*** PROVIDED RECORDS Section Begins ***
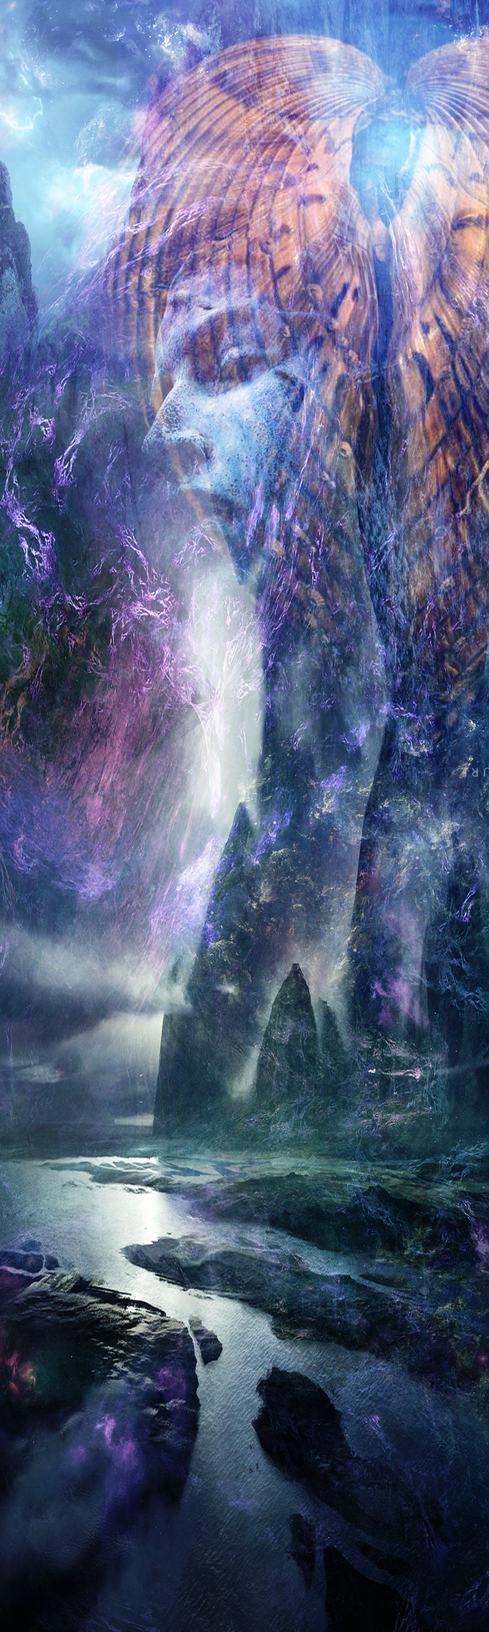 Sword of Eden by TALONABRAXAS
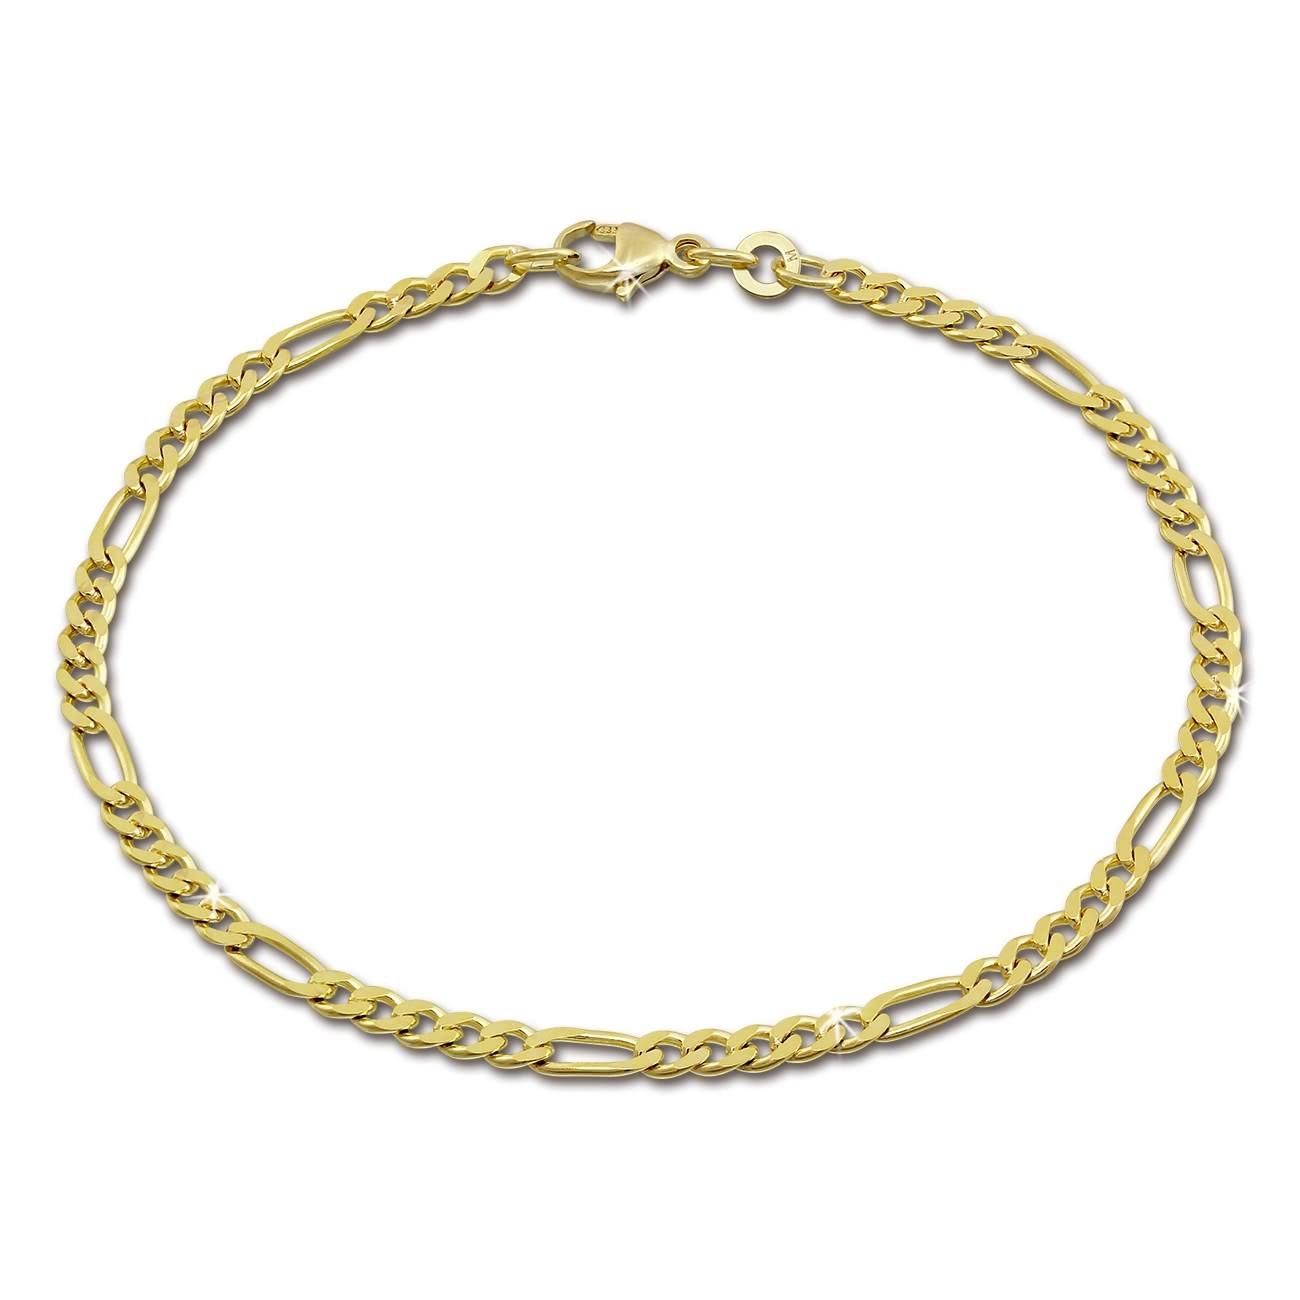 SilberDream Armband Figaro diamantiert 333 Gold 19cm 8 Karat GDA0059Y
*** PROVIDED RECORDS Section Ends ***
*** PROVIDED RECORDS Section Begins ***
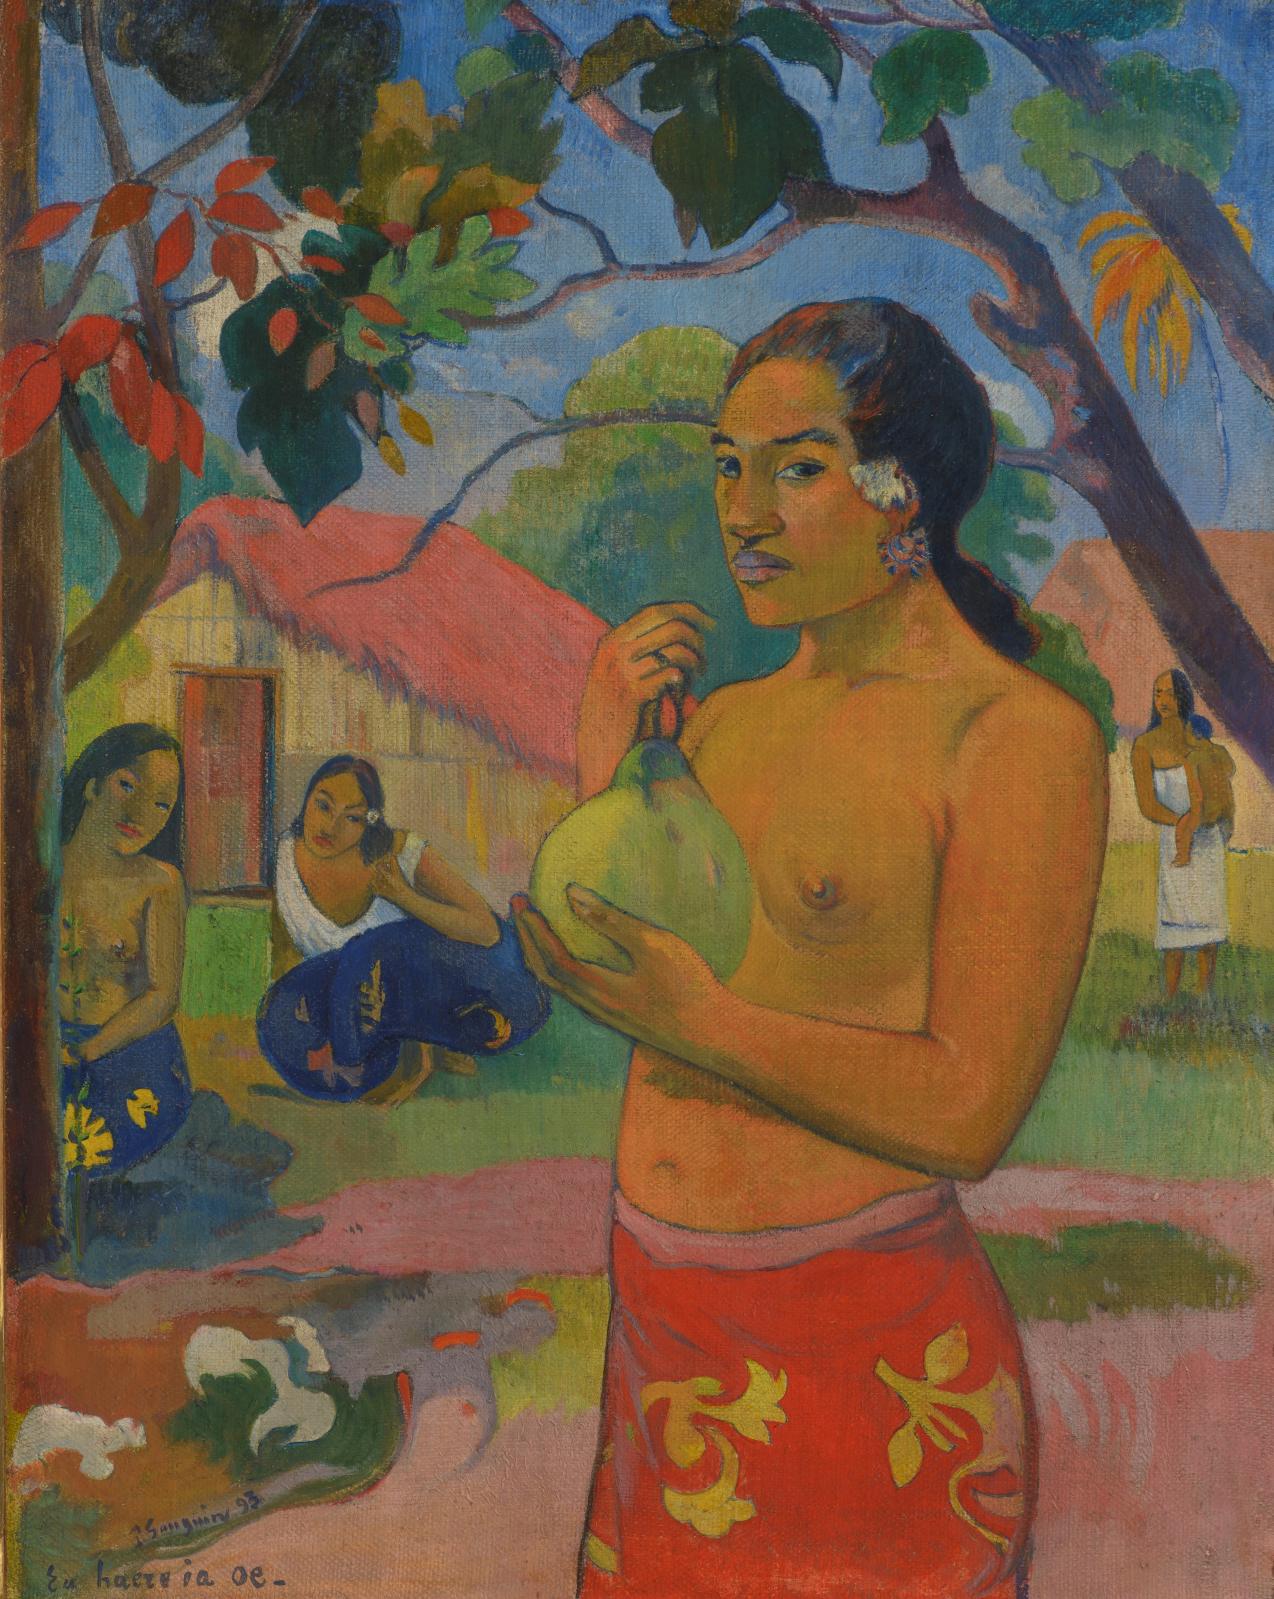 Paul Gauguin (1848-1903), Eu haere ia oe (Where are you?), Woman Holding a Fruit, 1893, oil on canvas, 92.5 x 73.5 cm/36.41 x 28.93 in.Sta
*** PROVIDED RECORDS Section Ends ***
*** PROVIDED RECORDS Section Begins ***
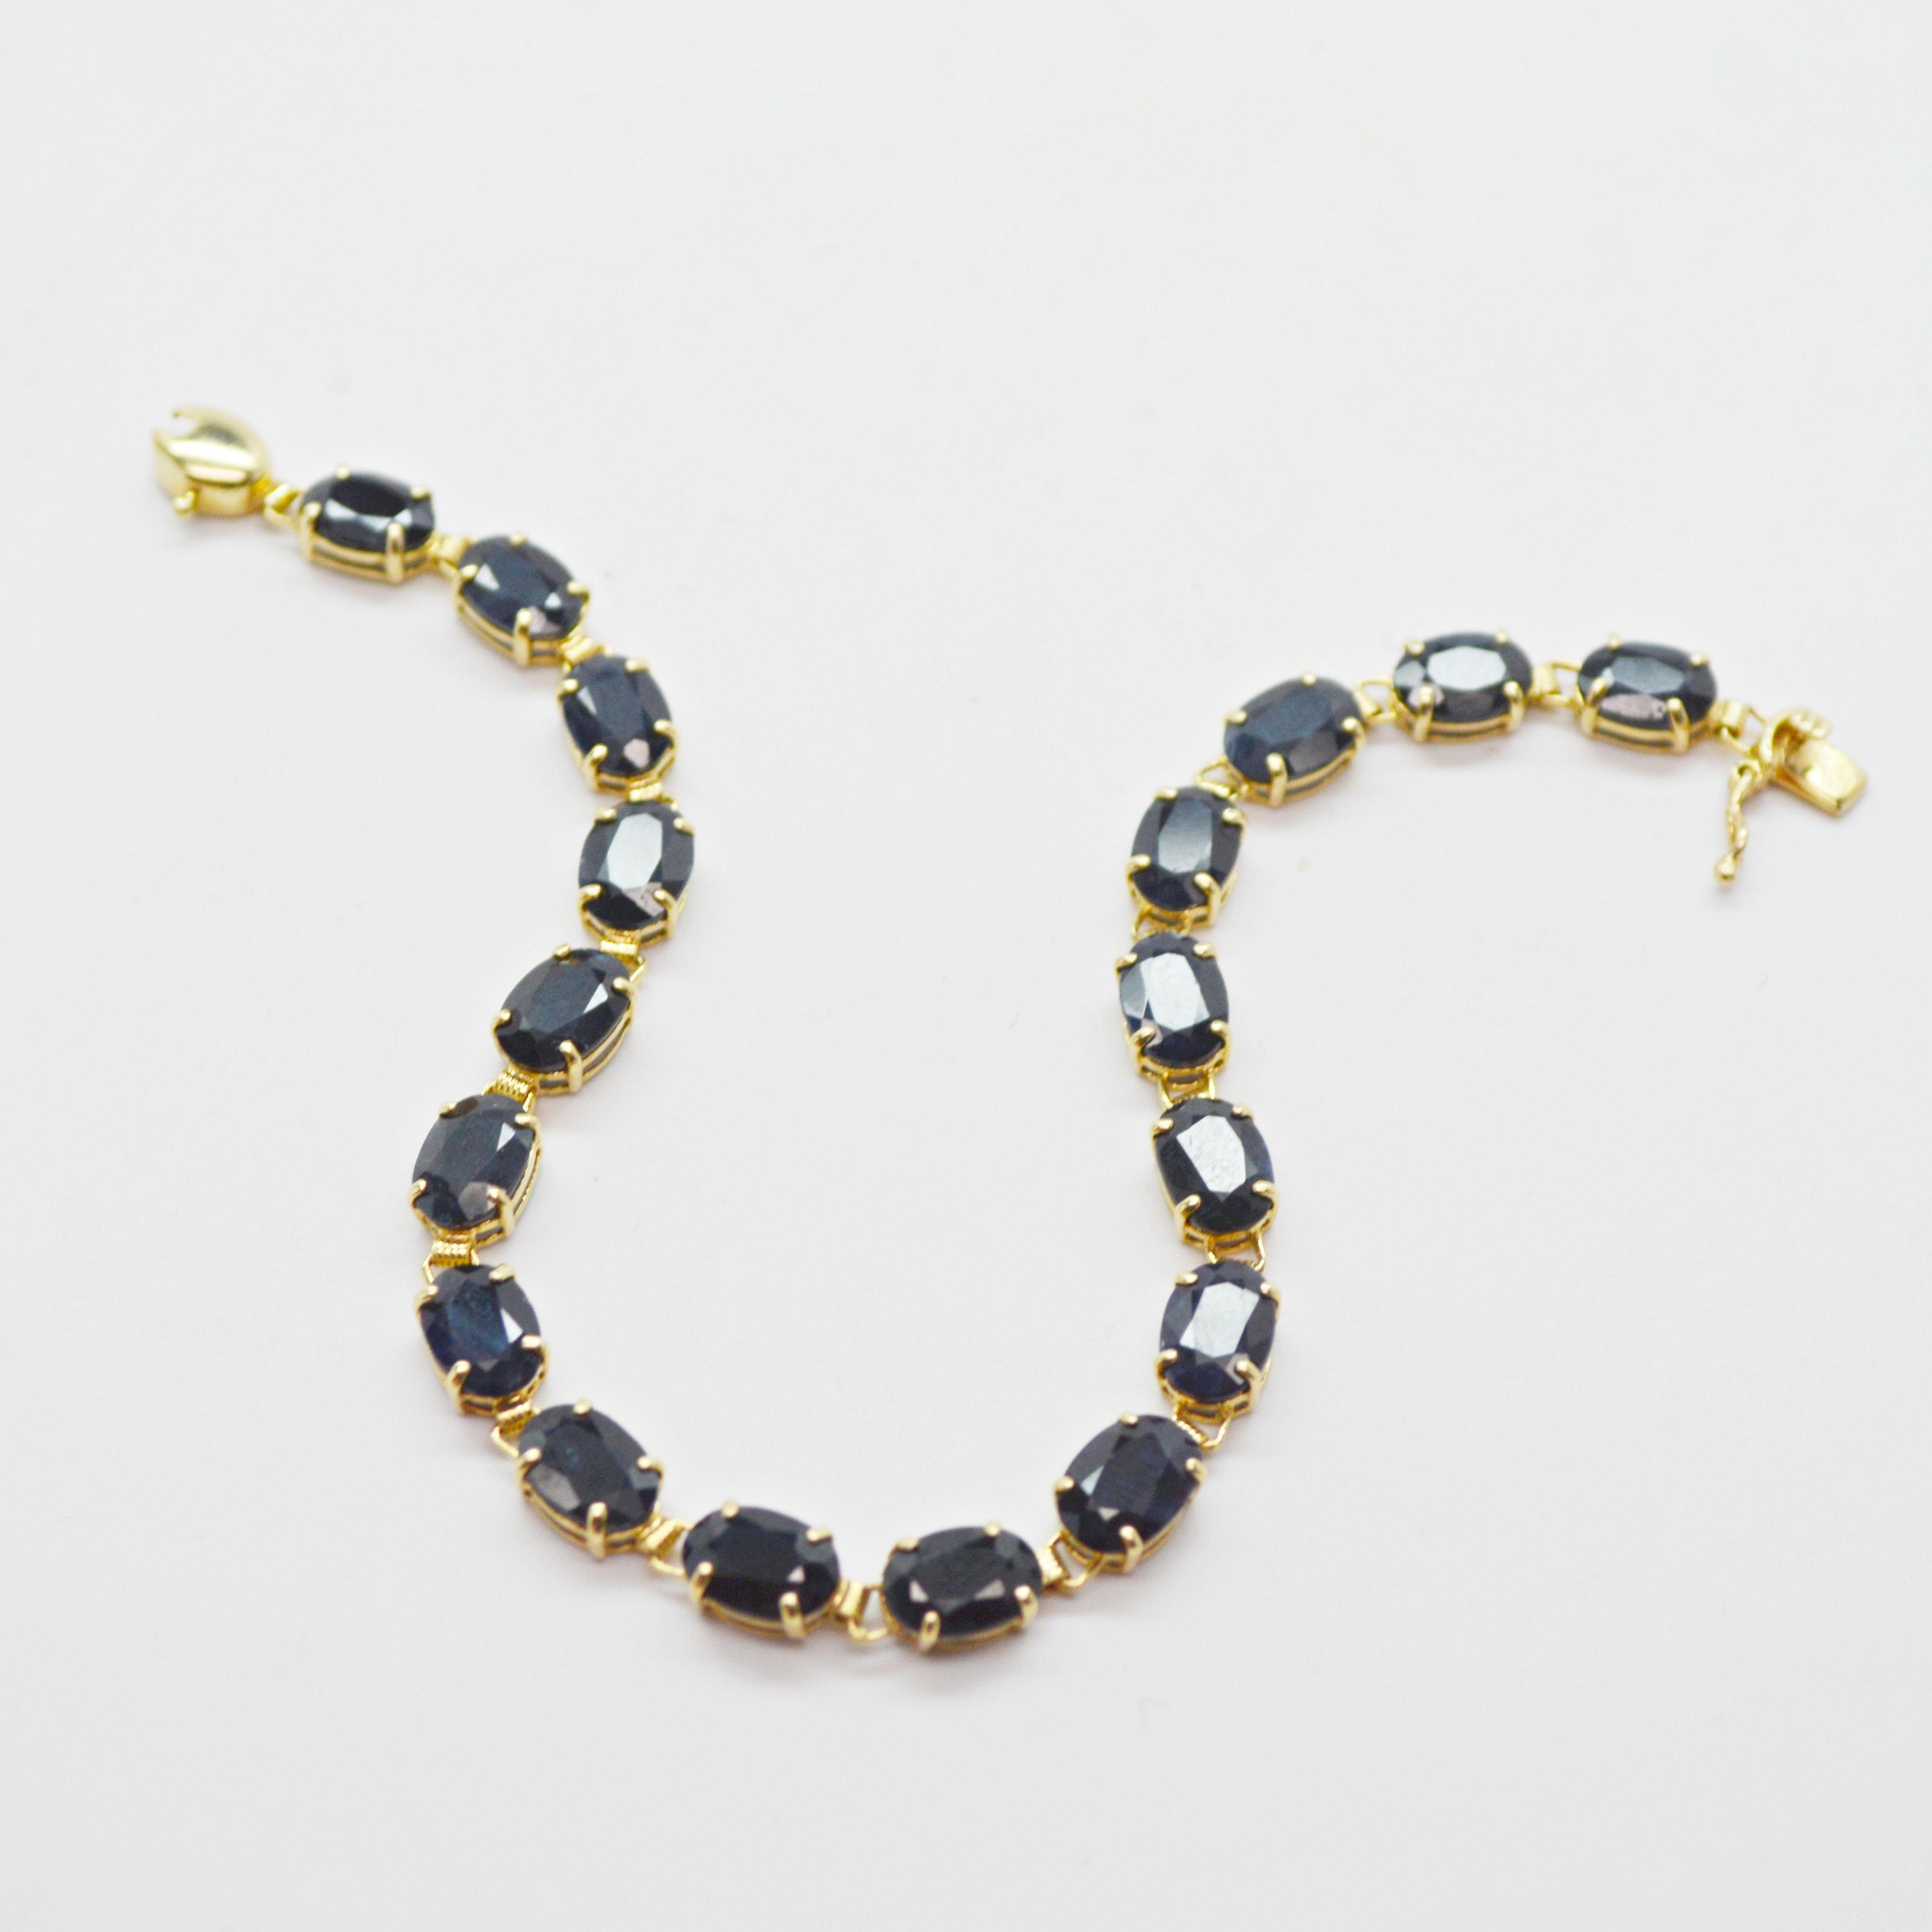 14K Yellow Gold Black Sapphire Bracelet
*** PROVIDED RECORDS Section Ends ***
## TASK BRIEF
What should come back is an exact copy of the lines above from the line with "Sword of Eden by TALONABRAXAS" to the line with "SilberDream Armband Figaro", both included, minus the pictures.

## WRITTEN RESPONSE
 Sword of Eden by TALONABRAXAS
 SilberDream Armband Figaro diamantiert 333 Gold 19cm 8 Karat GDA0059Y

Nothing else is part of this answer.